Trainings 2023

Trainings between October 9-10-11-12 2023!

▼ Jump to English trainings

Sécurité 101-102-103 - French

Formation unique créé par la communauté du Hackfest! Nos formations d’introduction à divers éléments essentiels de sécurité informatique.

Sécurité Physique 101 (Blue Team), 201 (Red Team), 202 (Rétro-ingénierie) - French

Formation unique pour vos besoins de sécurité physique en entreprise.

PowerShell pour l’équipe bleue - French

3e édition de cette formation unique et exclusive au Hackfest! Cette formation vise à ajouter une corde à l’arc aux personnes désirant sécuriser des organisations, et ce, à l’aide de PowerShell.

Crise et resilience - French

Cette formation de 2 jours permettra au participant d’acquérir les compétences de bases requises pour mettre en place une gestion de cybercrise aussi bien opérationnelle que décisionnelle.

  • Registration coming soon!

Corelan BOOTCAMP - English

The Corelan “BOOTCAMP” is a truly unique opportunity to learn both basic & advanced techniques from an experienced exploit developer. During this 4 days course, students will be able to learn all ins and outs about writing reliable stack based exploits for the Windows platform. The trainer will share his “notes from the field” and various tips & tricks to become more effective at writing exploits.

Full-Stack Pentesting Laboratory: 100% Hands-On + Lifetime LAB Access - English

Modern IT systems are complex and it’s all about full-stack nowadays. To become a pentesting expert, you need to dive into full-stack exploitation and gain a lot of practical skills. That’s why I created the Full-Stack Pentesting Laboratory.

For each attack, vulnerability and technique presented in this training there is a lab exercise to help you master full-stack pentesting step by step. What’s more, when the training is over, you can take the complete lab environment home to hack again at your own pace.

I found security bugs in many companies including Google, Yahoo, Mozilla, Twitter and in this training I’ll share my experience with you. The content of this training has been carefully selected to cover the topics most frequently requested by professional penetration testers.

Scada/ICS - English

In this course, the students will learn about the following topics relating to Industrial Systems and SCADA environments:

  1. The basic terminologies and devices that are found within an industrial network such as Actuators, HMIs, PLCs, Sensors and RTUs. Students will also learn about coils and registers, and how attackers can leverage these to interrupt industrial processes
  2. Students will be introduced (briefly) on how to securely architect an industrial network, based on the ideal Purdue Model
  3. Students will learn how to securely map and perform reconnaissance of a SCADA/ICS network
  4. Students will learn how to perform packet dissection and conduct packet sniffing activities on these types of network
  5. On the second day, students will be participating into hacking a live environment, making their way across a SCADA/ICS network.
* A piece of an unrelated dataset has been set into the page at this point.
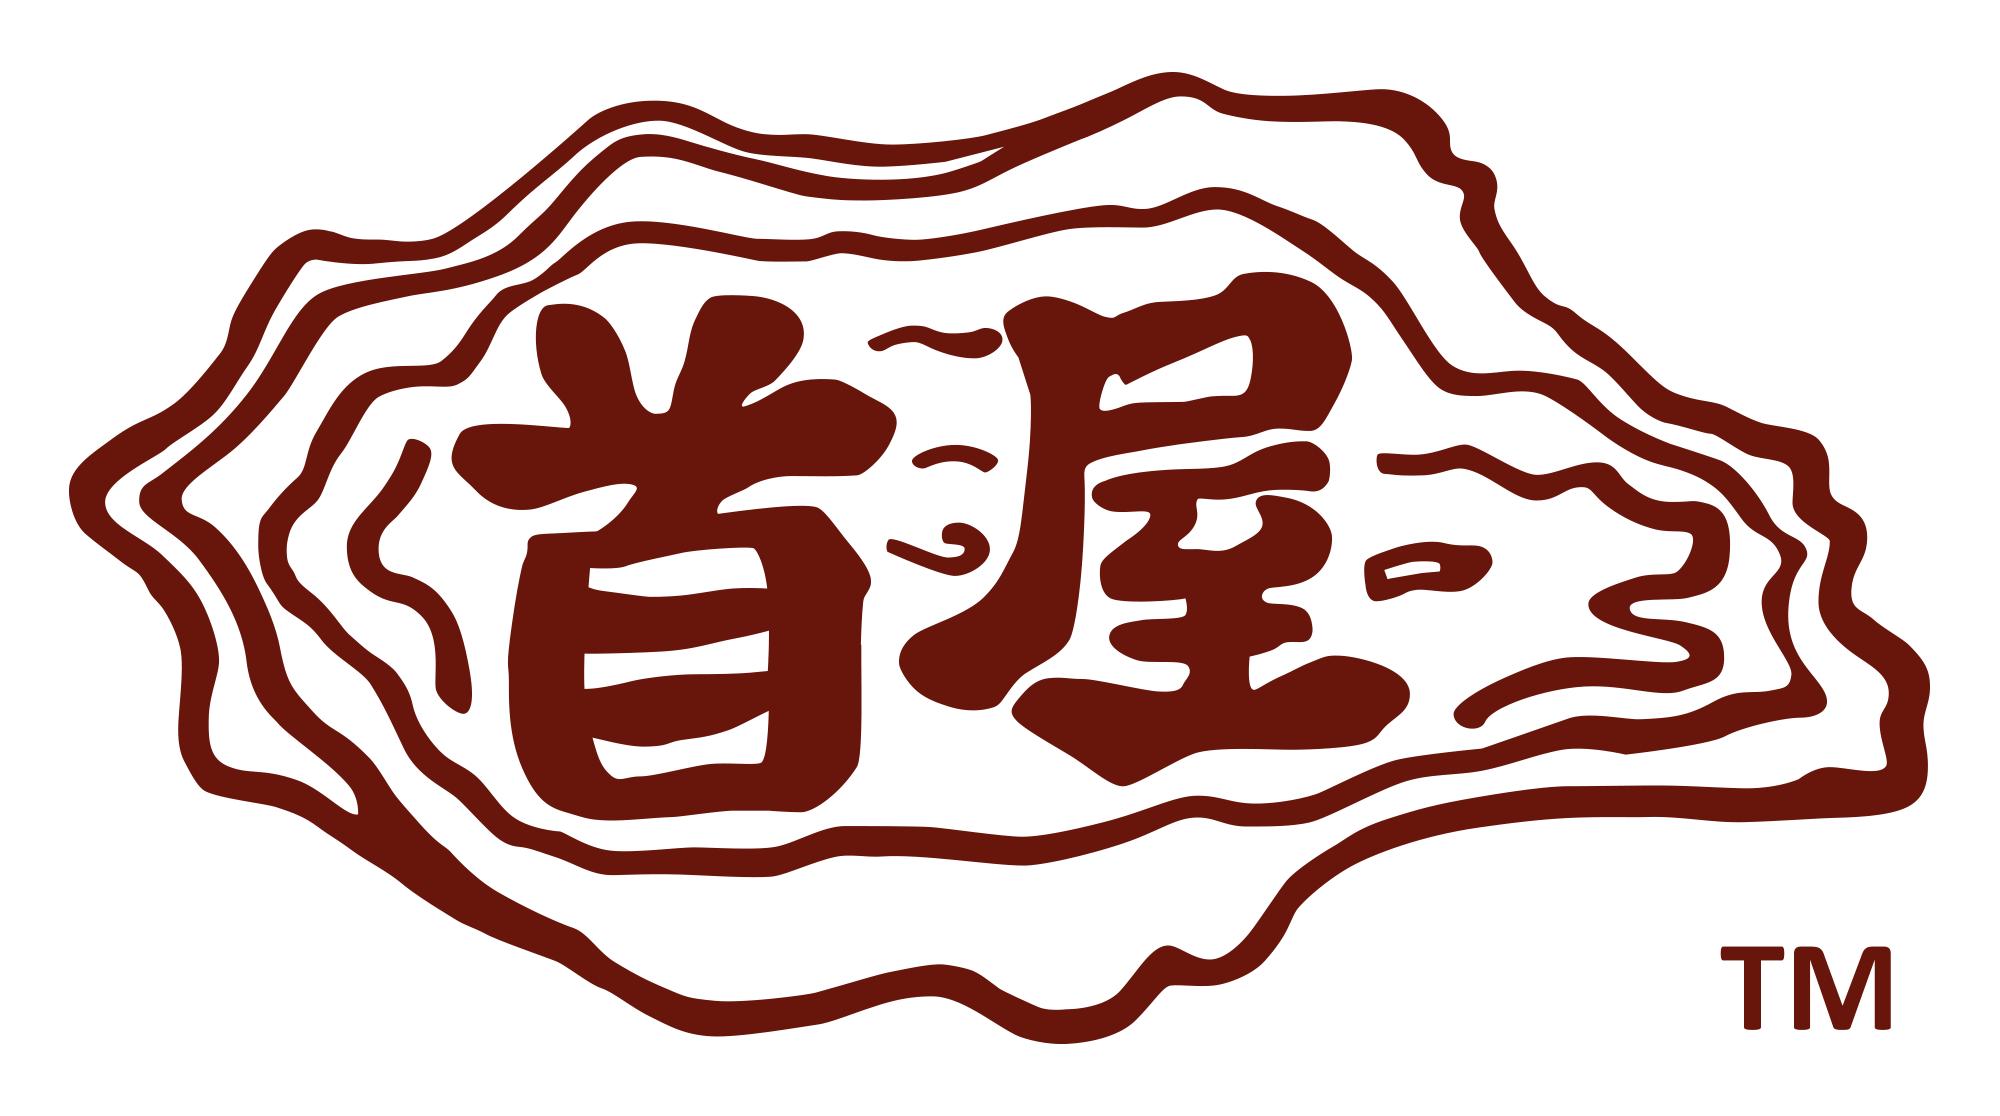 首屋: 全台灣唯一的何首烏食補

The students will also be provided with hardware material for the second part of the day, where they will be interacting and performing hardware attacks such as gaining shell access via the UART interface, and more !

Heap Exploitation Training - English

As exploit mitigation’s, such as Nx and stack canaries, have made traditional binary exploitation more difficult, modern exploits have moved to the heap. But heap exploitation is a major increase in difficulty compared to traditional methods, making it a difficult wall on the binary exploitation journey. In this training, we will conquer the complexity and difficultly of heap exploitation by breaking it down directly.

To conquer the complexity, we’ll learn all about the GLibC’s malloc allocator by diving into the weeds of the allocator directly, explaining the how, what, and why. We’ll use hands-on exercises to demonstrate techniques that are largely applicable, and cover the contexts which allow certain techniques to be used. Additionally, we will demonstrate how the victim program can add even more primitives that can be exploited and how to find these objects, allowing the information learned in the course to be widely applicable.

This training is specifically targeted at GLibC malloc, which is the default allocator on most Linux distributions. We will start by learning how the allocator functions and about heap specific vulnerability classes. From there, you will learn how to pwn with techniques in the allocator itself and how to find your own gadgets within victim programs to live off the land. Finally, we will attack a custom HTTP server stack by finding the vulnerabilities and exploiting them. This will require complicated heap feng shui and exploit techniques learned from the workshop in order to pull off. To make the content easy to grasp, the training includes many hands-on exercises for practicing the material, a large collection of visuals and an amazing virtual machine for pwnable challenges. After taking this course, you will be highly capable at finding heap related vulnerabilities and exploiting these bugs in a variety of ways.